Bragg, in his report, called the lack of information “unprecedented in my experience as an expert witness,” adding that his inability to judge Lee’s perceptions “hinders my ability to reach a thorough conclusion regarding reasonable force application.”
Bragg determined Lee’s first two kicks were an acceptable to way to gain control of the suspect, but the final kick delivered to the head wasn’t “reasonable and necessary.”
City prosecutors charged Lee in April with fourth-degree assault, a gross misdemeanor punishable by up to a year in jail.
The teen, D’Vontaveous Hoston, had his hands in the air as Lee approached him, surveillance video showed. Bragg wrote that he presumed Hoston was not following Lee’s commands to place his hands behind his back.
Hoston, who was later acquitted of an attempted robbery charge, filed a federal lawsuit against Lee and the Police Department in April.
After prosecutors charged Lee, city attorneys faced the problem of pursuing the criminal case and defending the lawsuit, Holmes said Wednesday.
At that point, in consultation with an outside ethics expert, the city decided to create a wall between the criminal case and the civil action, Holmes said.
Additionally, the city hired Buck as outside counsel to represent Lee in the civil suit to avoid the appearance of a conflict of interest, Holmes said.
While awaiting trial, Lee’s defense attorney, Peter Offenbecher, offered to let Bragg see Lee’s use-of-force report, along with a frame-by-frame viewing of the video, as long as prosecutors agreed not to ask for the report, Holmes said.
On Nov. 8, Bragg met privately with Offenbecher and Buck, according to the documents disclosed Wednesday under a public-disclosure request by The Seattle Times.
No prosecutor was present because of the terms of the meeting, Holmes said.
“This was done to supply our expert witness with all the information available in rendering his opinion, and to thoroughly prepare the case for trial,” Holmes’ office said in a prepared statement Wednesday.
Holmes defended the decision to keep prosecutors from attending the meeting, saying he didn’t want to risk tainting the case if it had gone forward to trial.
Bragg, after the meeting, decided to “turn a 180,” Holmes said, noting that he was “completely unimpressed” with Bragg.
In a Nov. 21 report, Bragg wrote of the third kick: “I believe that the kick in fact contacted and glanced off of Hoston’s shoulder prior to possibly contacting his head.”

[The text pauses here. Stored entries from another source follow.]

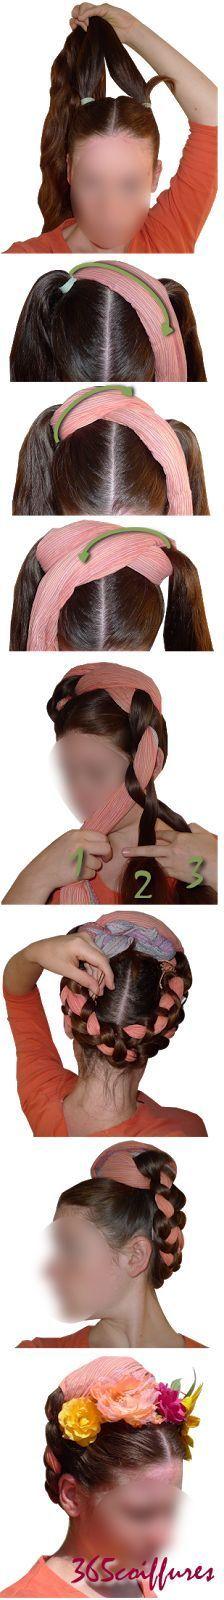 Comment se coiffer avec les tresses de Frida Kahlo. #tuto #DIY #tresse #hairstyle #fridakahlo #braid #trenza #Zöpfe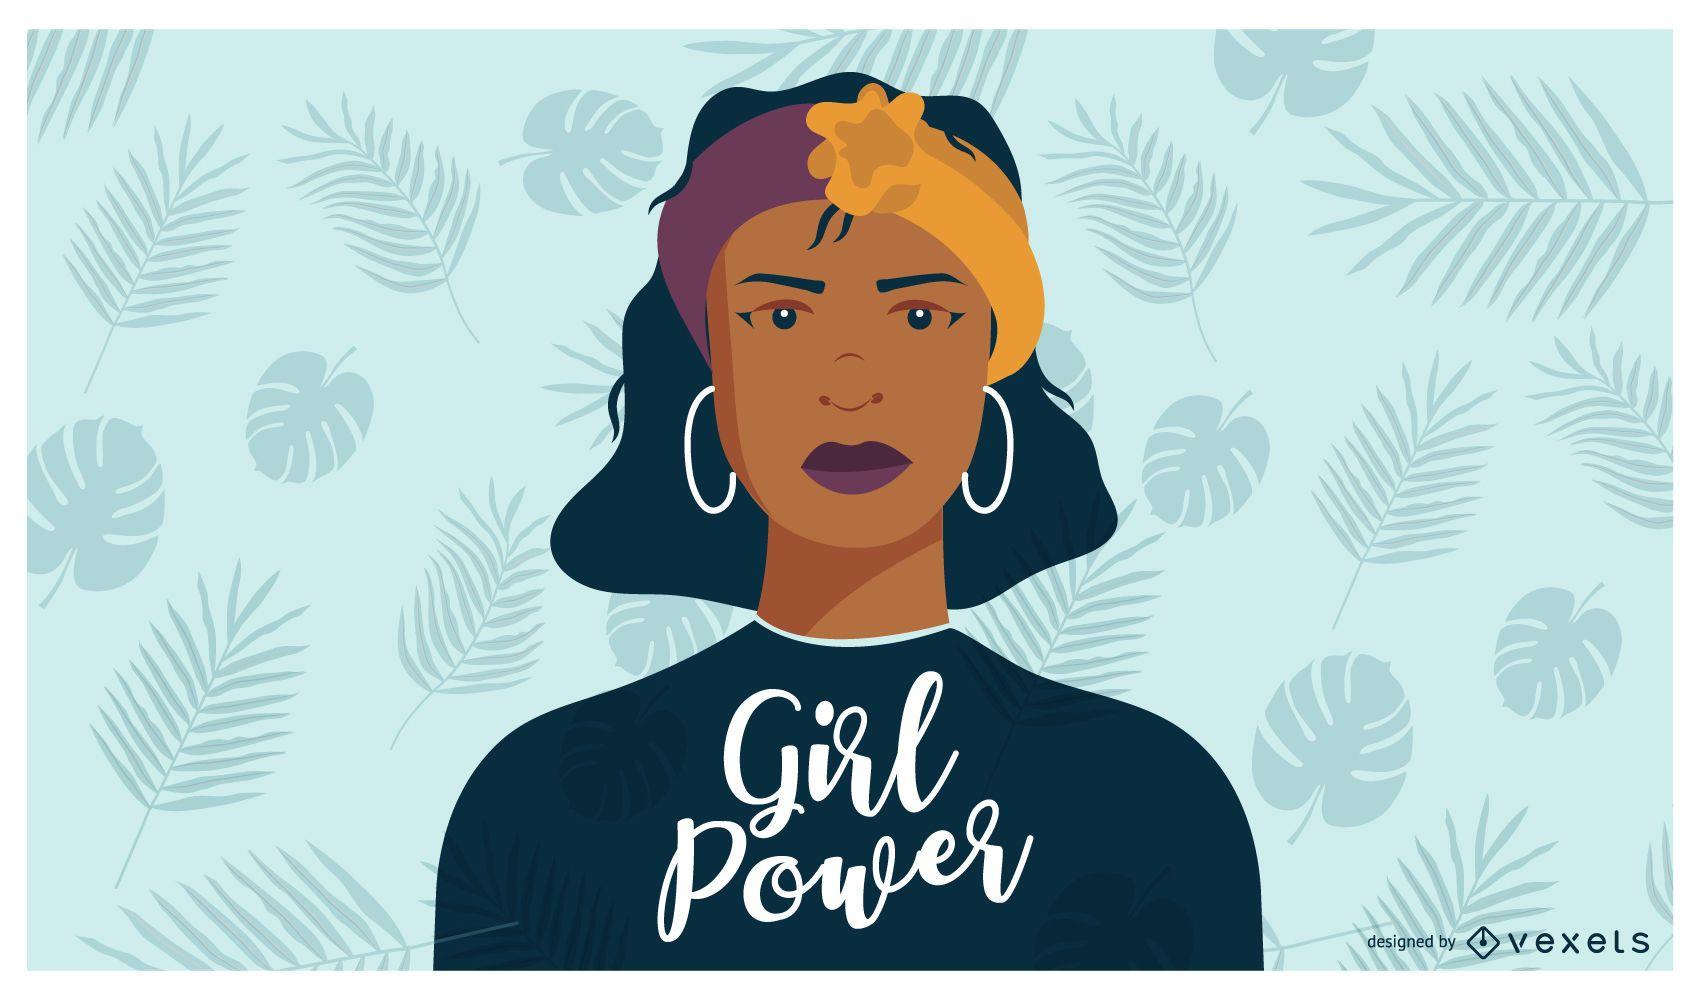 Girl Power Cartoon Illustration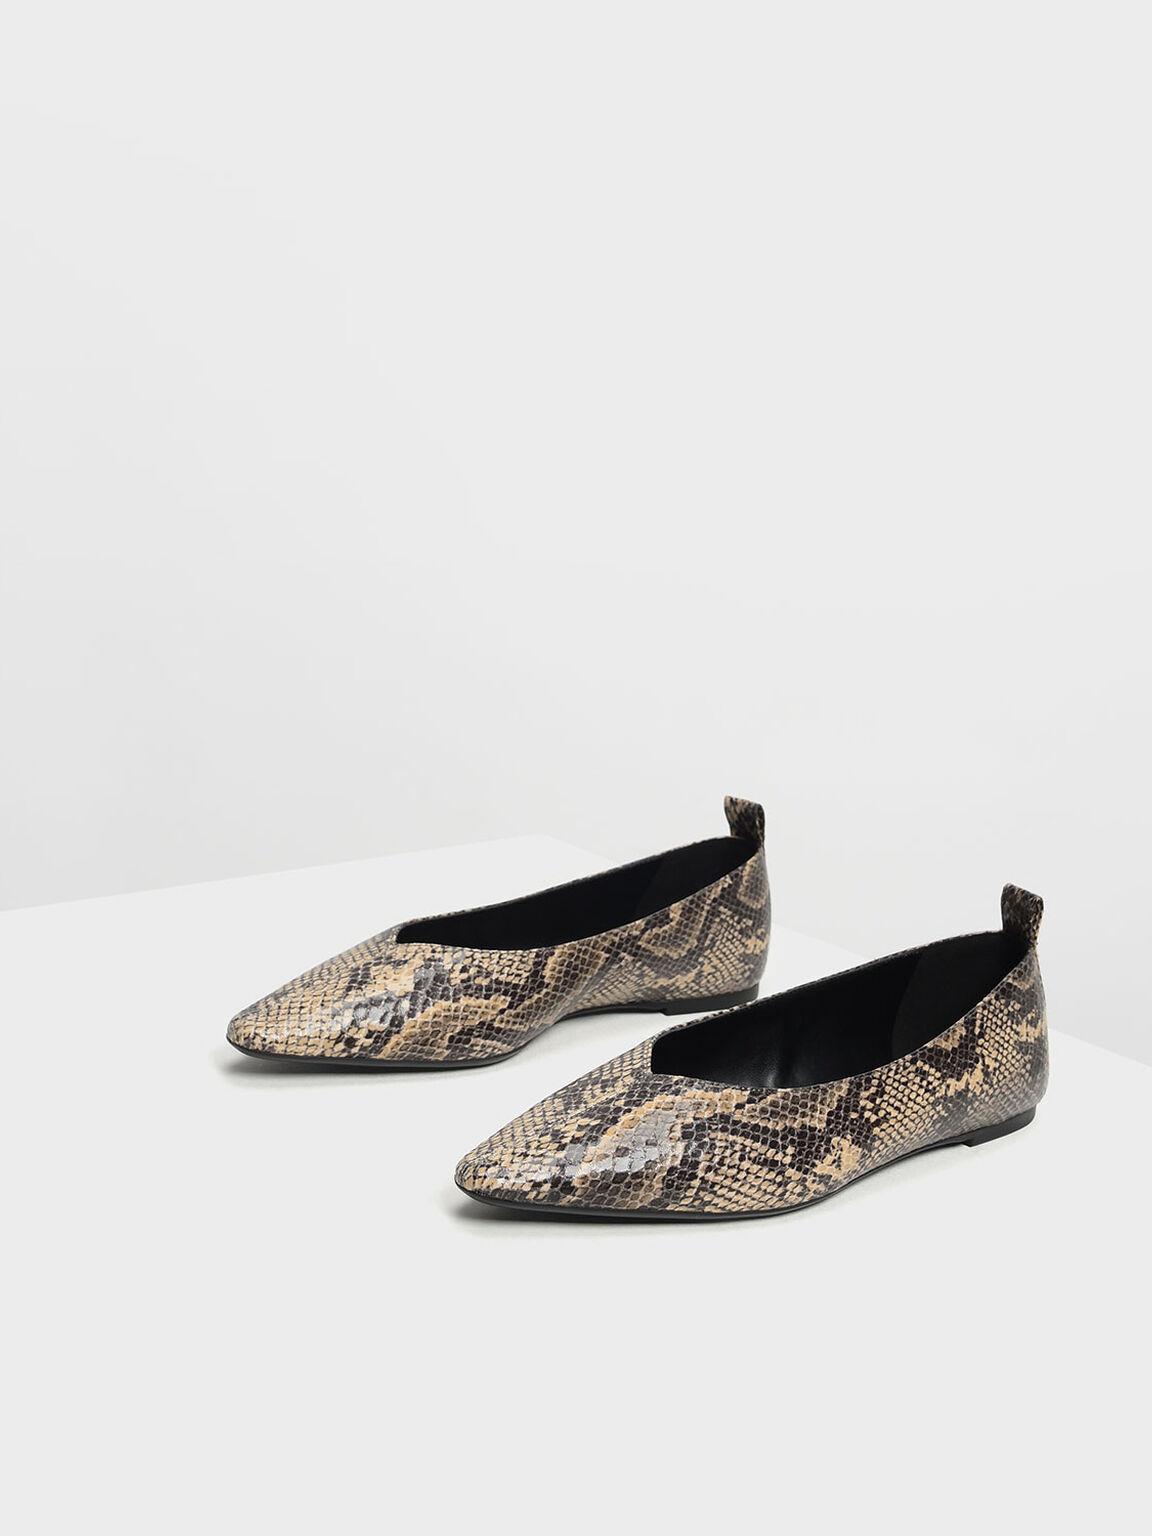 Snake Print Ballerinas, Sand, hi-res

Bragg wrote that he now believed Lee’s use of force was acceptable and fell within training parameters, although the third kick was “not the best tactic available.”
Efforts to reach Bragg, whose office voice mail says he is away until next week, were unsuccessful.
The alternative of finding a different expert would lead to a “battle of the experts,” with the defense able to call Bragg as a witness, Holmes said.
Offenbecher declined to comment Wednesday night, except to say Holmes “did the right thing” in dropping the case.
Buck, reached Wednesday night, said he was in the room with Bragg as Lee’s attorney in the civil case.
Buck said he was there at Offenbecher’s invitation to view the video and gauge Bragg’s reaction to it.
Buck said he knew that the video could be relevant to his defense in the civil case and that Bragg could even be a witness. But Buck said he played no role in Bragg’s turnabout, although he conceded it didn’t hurt his defense.
“Offenbecher’s interest is to get (Lee) out of the criminal case, and I certainly would have no reason to want that prosecution to go forward,” Buck said. “I have a contrary obligation in the civil case than (Holmes’) office does in the criminal case. But that does not mean there is a conflict.”
Buck insisted there was no undue influence placed on Bragg by his presence.
“I’ve known Bob Bragg for years,” Buck said. “I’m not persuasive enough to chase him off what he believes is the truth.”